Google Tax Plan Welcomed by NFPs
Tuesday, 3rd March 2015 at 9:43 am
Not for Profits have welcomed a proposal by Labor that would see large multinational companies such as Google and Apple forced to pay their fair share in Australian tax.
World Vision CEO, Tim Costello, said the move to crack down on companies that deliberately shrink their tax bill by “shifting” profits offshore was an important step to creating a fairer tax system.
Opposition Leader Bill Shorten announced that Labor would work to standardise tax laws to shut down loopholes that allow some companies to send their profits overseas and avoid paying taxes in Australia.
“How can we ask Australians to work work hard and pay tax if the rules aren’t fair for multinationals too?” Shorten said.
“Last year one of the world’s largest companies paid only $80 million in Australian tax on local revenue of just over $6 billion.
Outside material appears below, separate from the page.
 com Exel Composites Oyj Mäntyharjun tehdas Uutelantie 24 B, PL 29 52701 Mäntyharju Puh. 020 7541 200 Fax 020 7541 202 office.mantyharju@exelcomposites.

This isn’t good enough.”
The example Shorten used is believed to be referencing Apple, although he did not mention the company by name, but he did say that documents leaked in 2014 showed that over 300 Australian firms had been involved in routing money through Luxembourg and other low-tax jurisdictions to minimise their Australian tax bills.
Shorten said firms named in media reports included AMP, Macquarie Group and Lend Lease and the amount of tax avoided through these schemes potentially reaches into billions of dollars.
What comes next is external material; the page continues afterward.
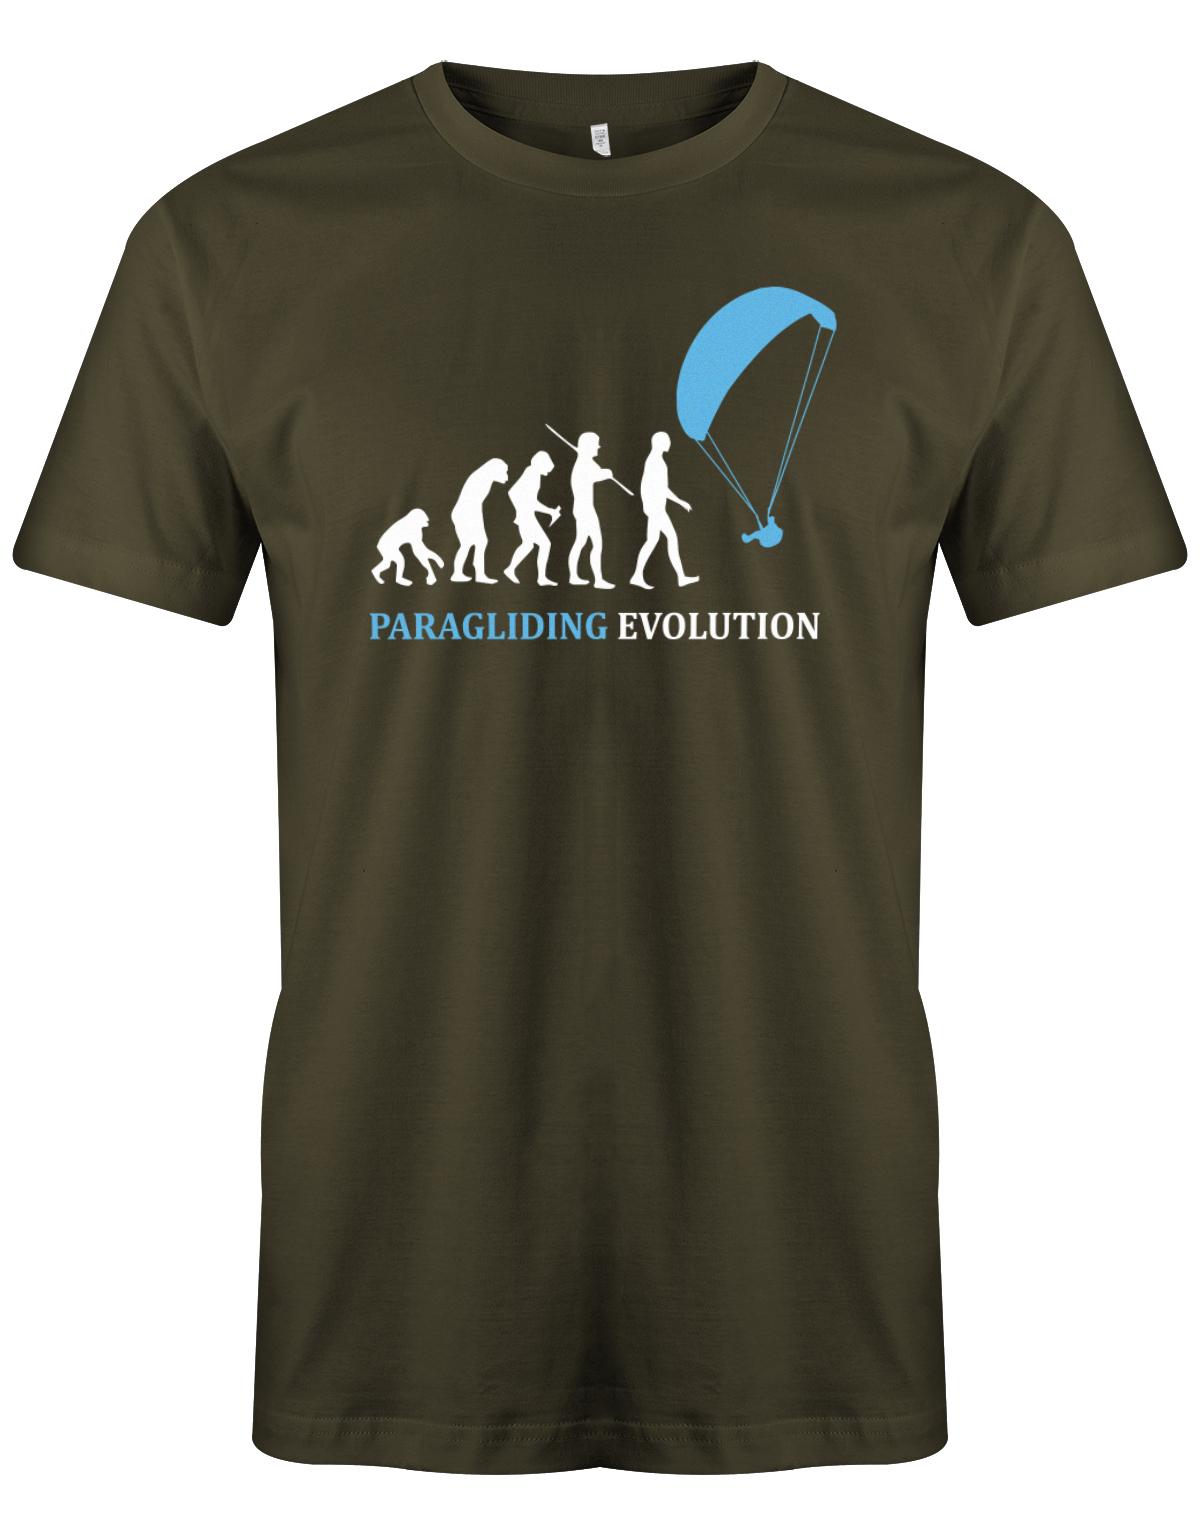 Paragliding-Evolution-herren-Shirt-Army

Costello urged the Abbott Government to adopt a bipartisan approach to making the Australian and global tax systems work better.
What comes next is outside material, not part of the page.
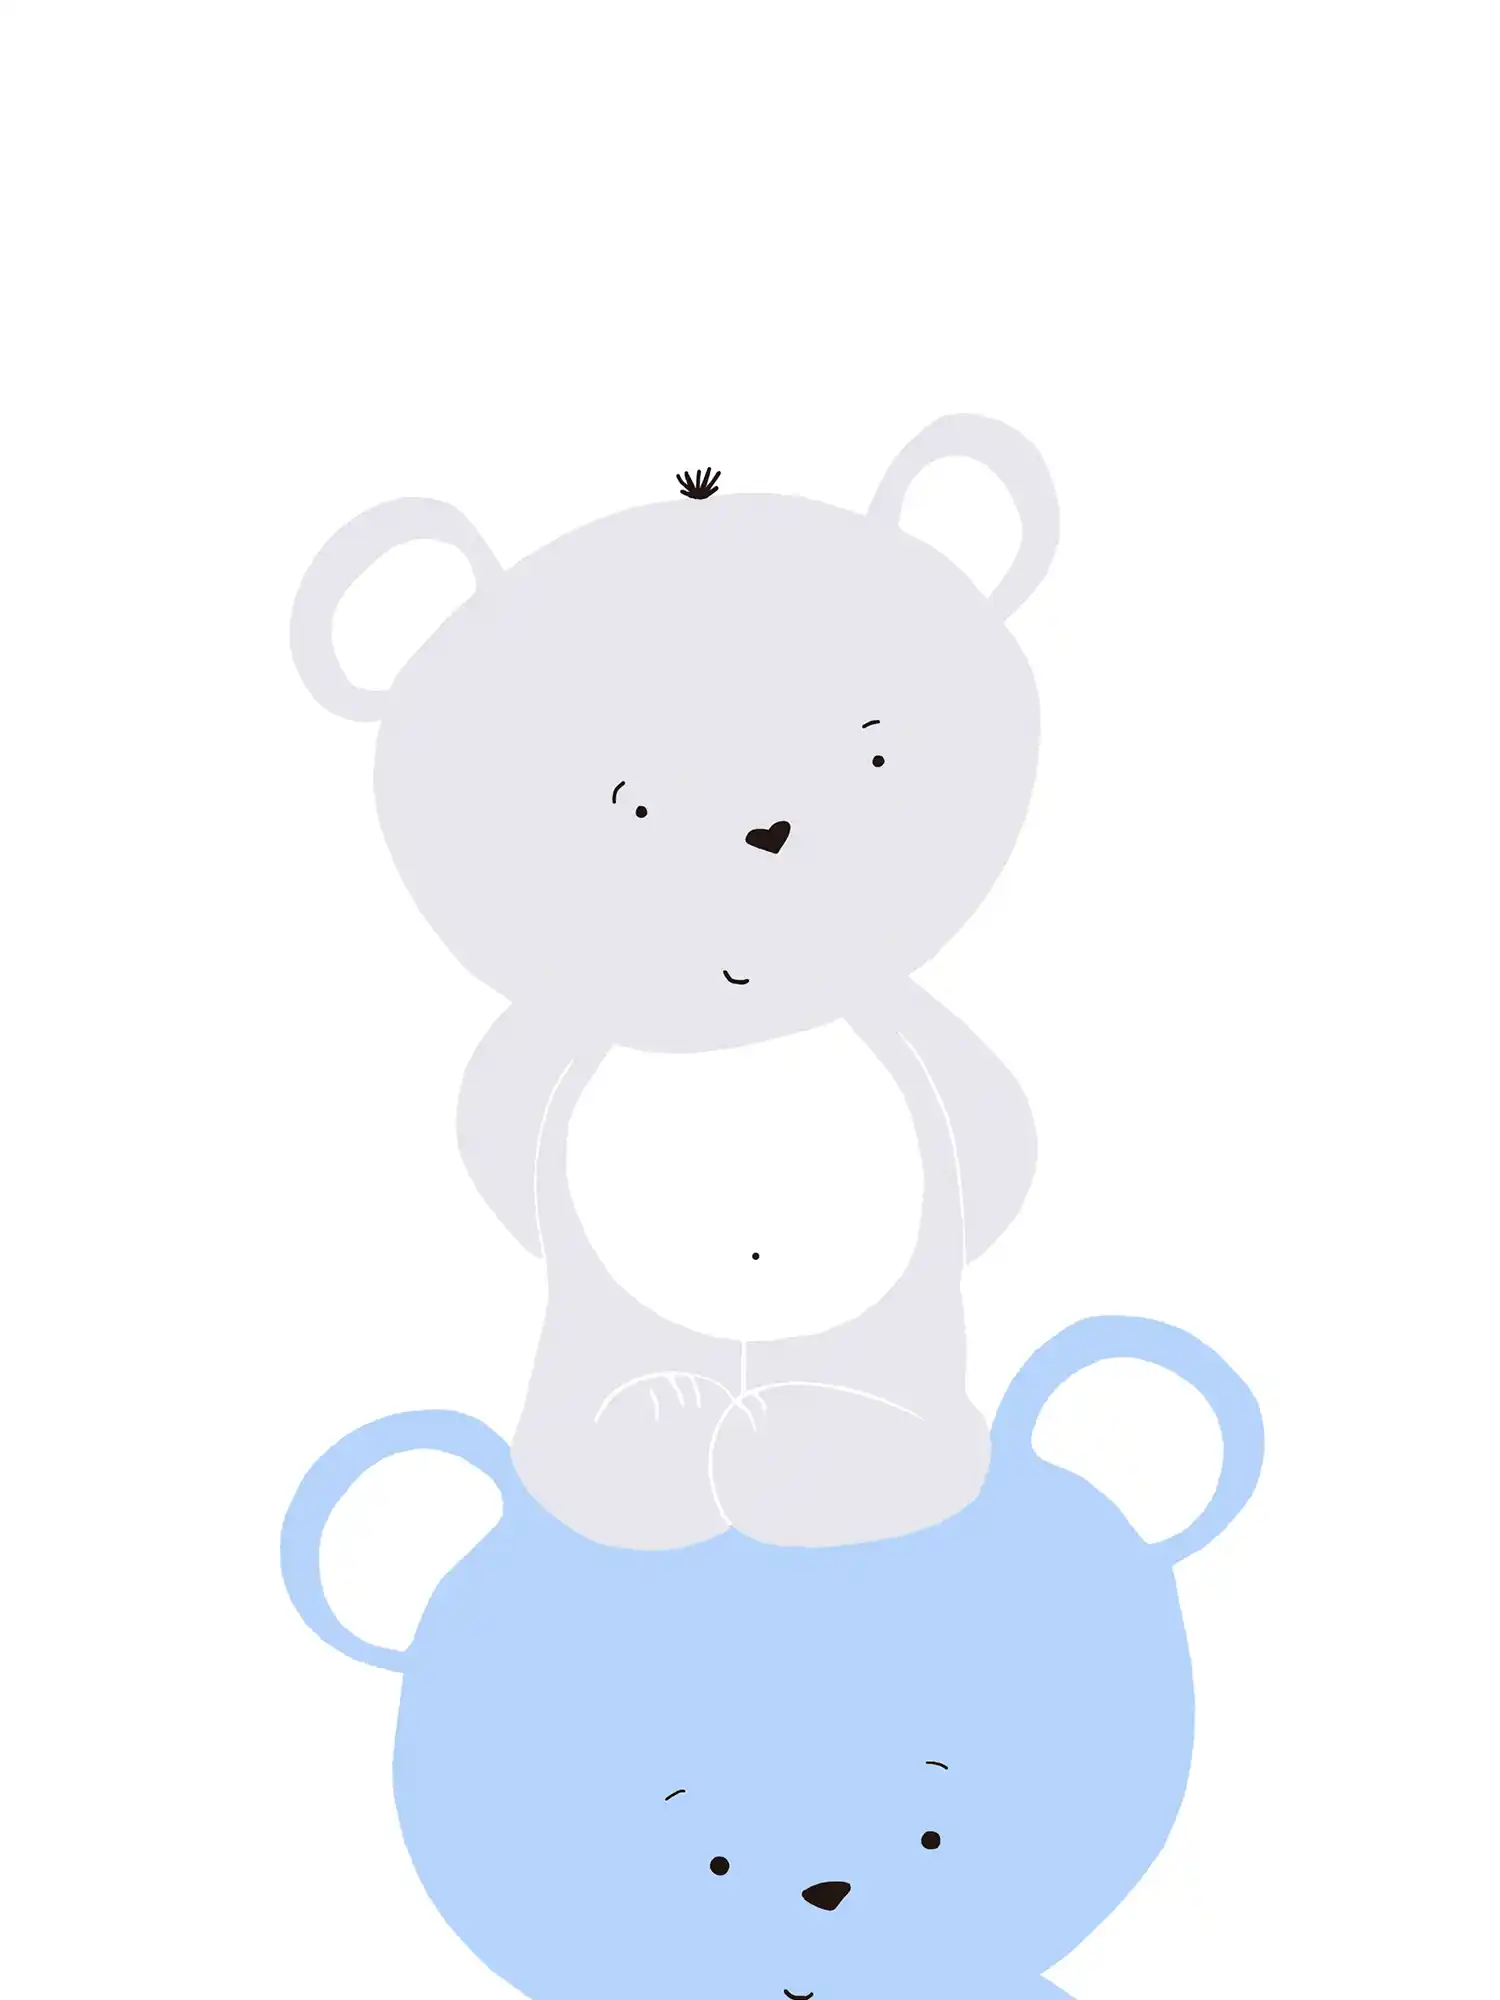 Carta da parati per camera dei ragazzi con motivo a orso - Blu, grigio, bianco

“Certain companies are getting a free kick not paying their fair share of tax on the profits they are making in Australia and as a result the tax burden is falling more heavily on the rest of us,” Costello said.
“Australians are keen to see the tax obligations of corporations more closely aligned to their actual activity, and thus less easily manipulated for the benefit of only a few.
“We’ve been saying for a long time that you can’t cut your way to a sustainable budget position and that there is an urgent need to address the revenue side of the budget through real reform especially to our taxation system.”
Describing the proposed reforms as a good chance to harvest some ‘low hanging revenue fruit’, Costello said the Government could start the bipartisan ball rolling by adopting Labor’s proposal to bring forward the start date on improved third party reporting and sharing of data to 1 July 2015.
Costello said by drawing on a broad range of expertise, and committing to further consultation around the best way to implement the proposed changes, the Opposition has signalled a sensible way forward on the vexed issue of tax reform.
“These proposals address some of the complex challenges thrown up by increasing base erosion and profit-shifting, which sees around many billions ‘leak’ from national revenues globally,” he said.
“That represents a huge lost opportunity to provide the basic services necessary to foster healthy, well-educated societies both here but especially in developing countries.”